AMSTERDAM, Netherlands — Major banks and fintechs claim to be piling on generative AI as the hype surrounding the buzzy technology shows no signs of fading — but there are lingering concerns about potential pitfalls and risks.

At the Money 20/20 fintech conference in Amsterdam, Netherlands, executives at large online lenders and finance companies hailed generative AI, calling it an “explosion of innovation,” saying it would “unleash innovation in areas we can’t even think about.” “

Chalapathy Neti, Head of AI at global messaging banking network Swift, called the progress made with ChatGPT and GPT-4 “mind-boggling”. “It really is a transformative moment,” he added.

But in the short term, banks are scrambling to find out the use cases.

Dutch ABN Amro is a banking giant that is experimenting with using generative AI in its operations.

Annerie Vreugdenhil, commercial director of ABN Amro’s personal and commercial banking division, revealed on a panel that he uses technology to automatically summarize conversations between bank employees and customers.
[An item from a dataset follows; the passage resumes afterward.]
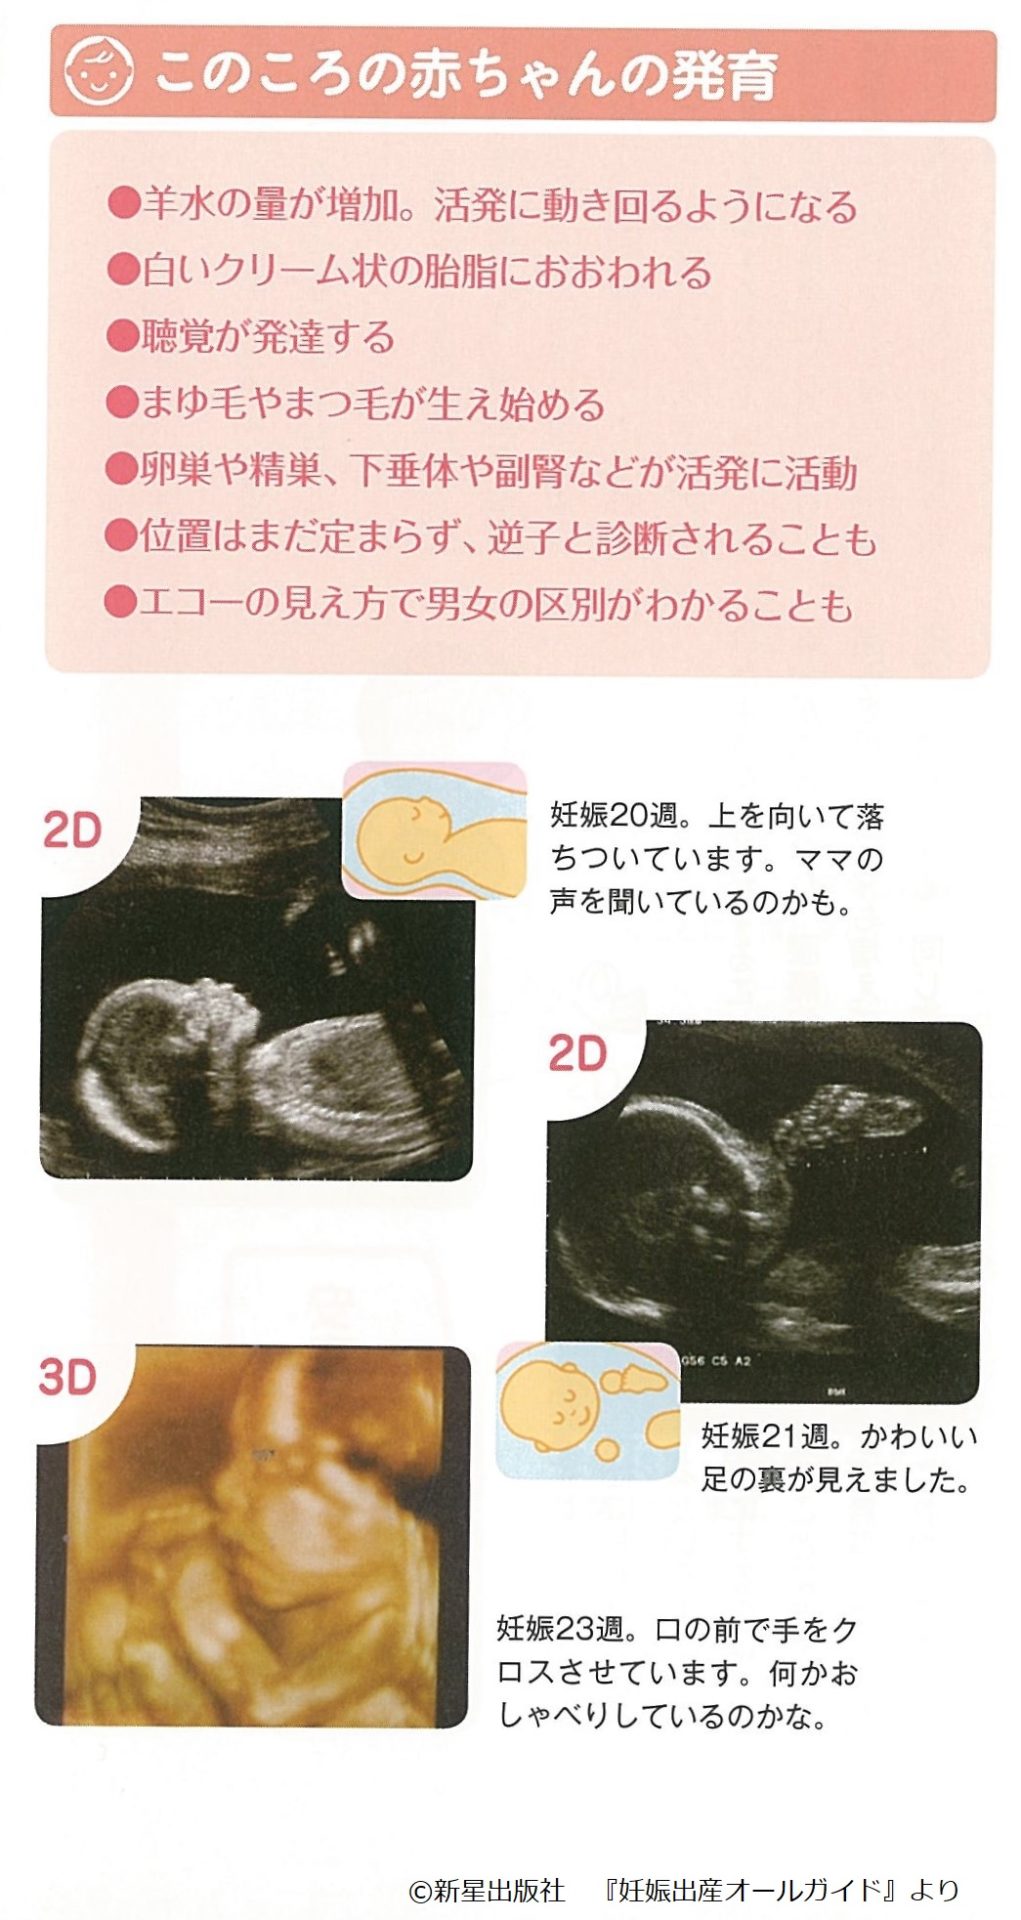 妊娠したら知っておきたい ママの体と赤ちゃんの様子 中期 23週 妊娠6カ月 Fun Life ファンライフ
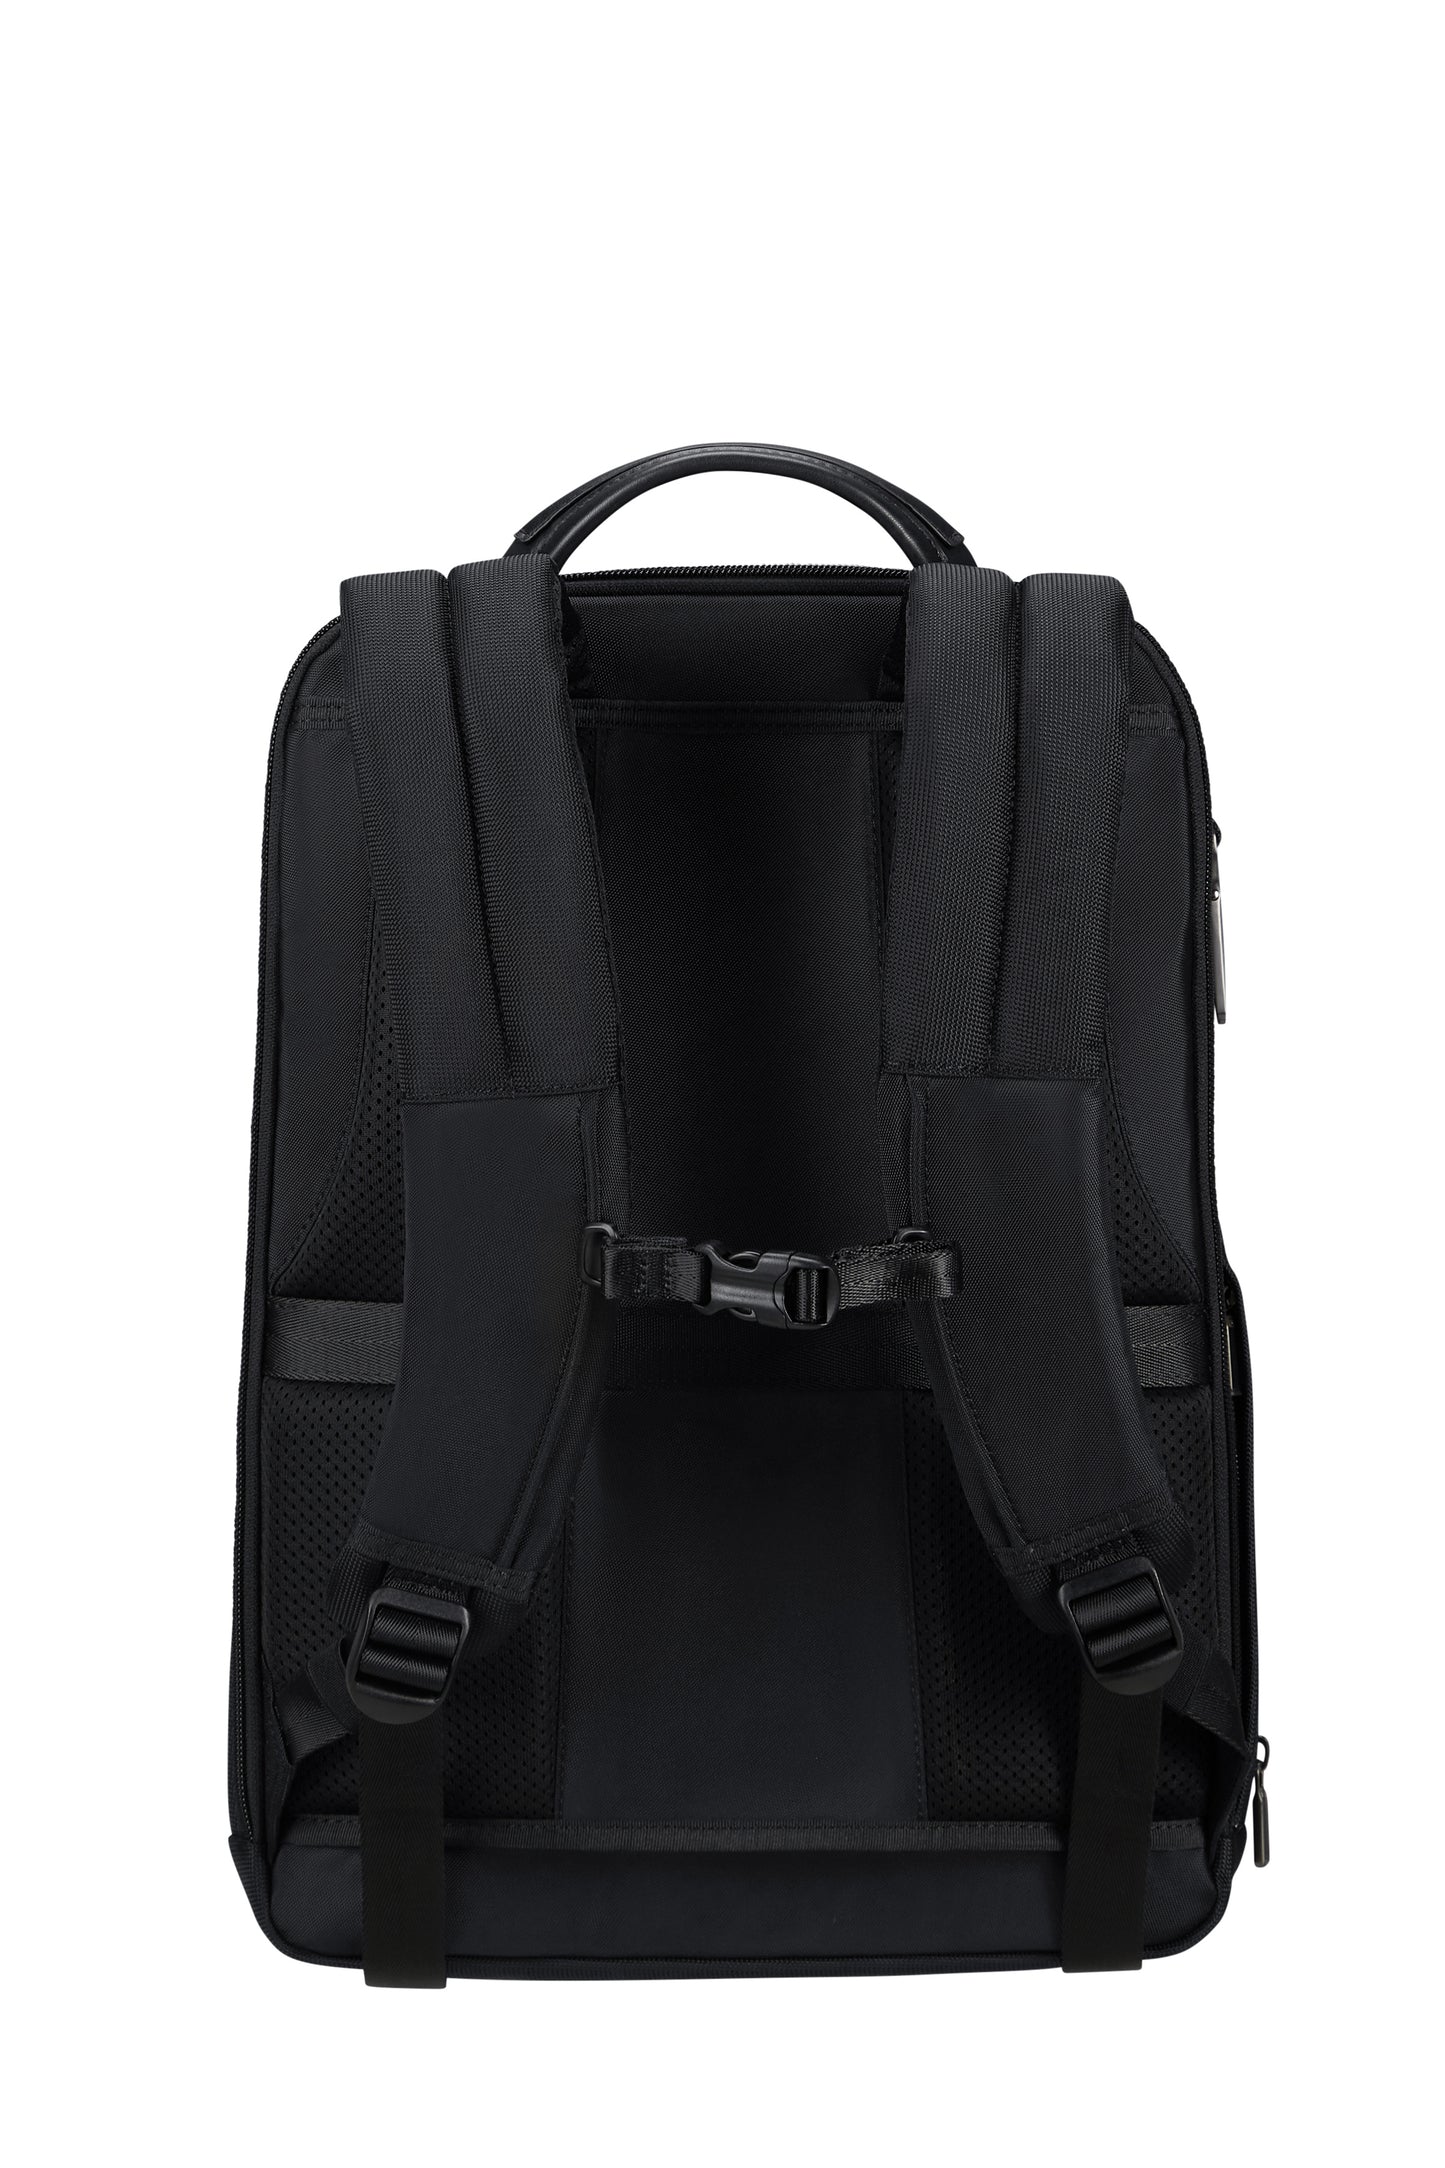 URBAN-EYE   backpack 15.6"  black

It also uses it to help its employees collect data about customers to help answer inquiries and avoid repeated questions.

The bank is now in the process of expanding those pilots to 200 employees and is scouting for a number of new pilots to start this summer.

In a closed session on the application of AI in financial services, meanwhile, two bank executives explained how they use the technology to improve internal code and analyze their customers’ behavior.

said Mariana Gomez de la Villa, an executive at ING Bank specializing in strategy and innovation.

In fact, banks seemed unanimous in their reluctance to roll out ChatGPT-like tools for customer-facing scenarios.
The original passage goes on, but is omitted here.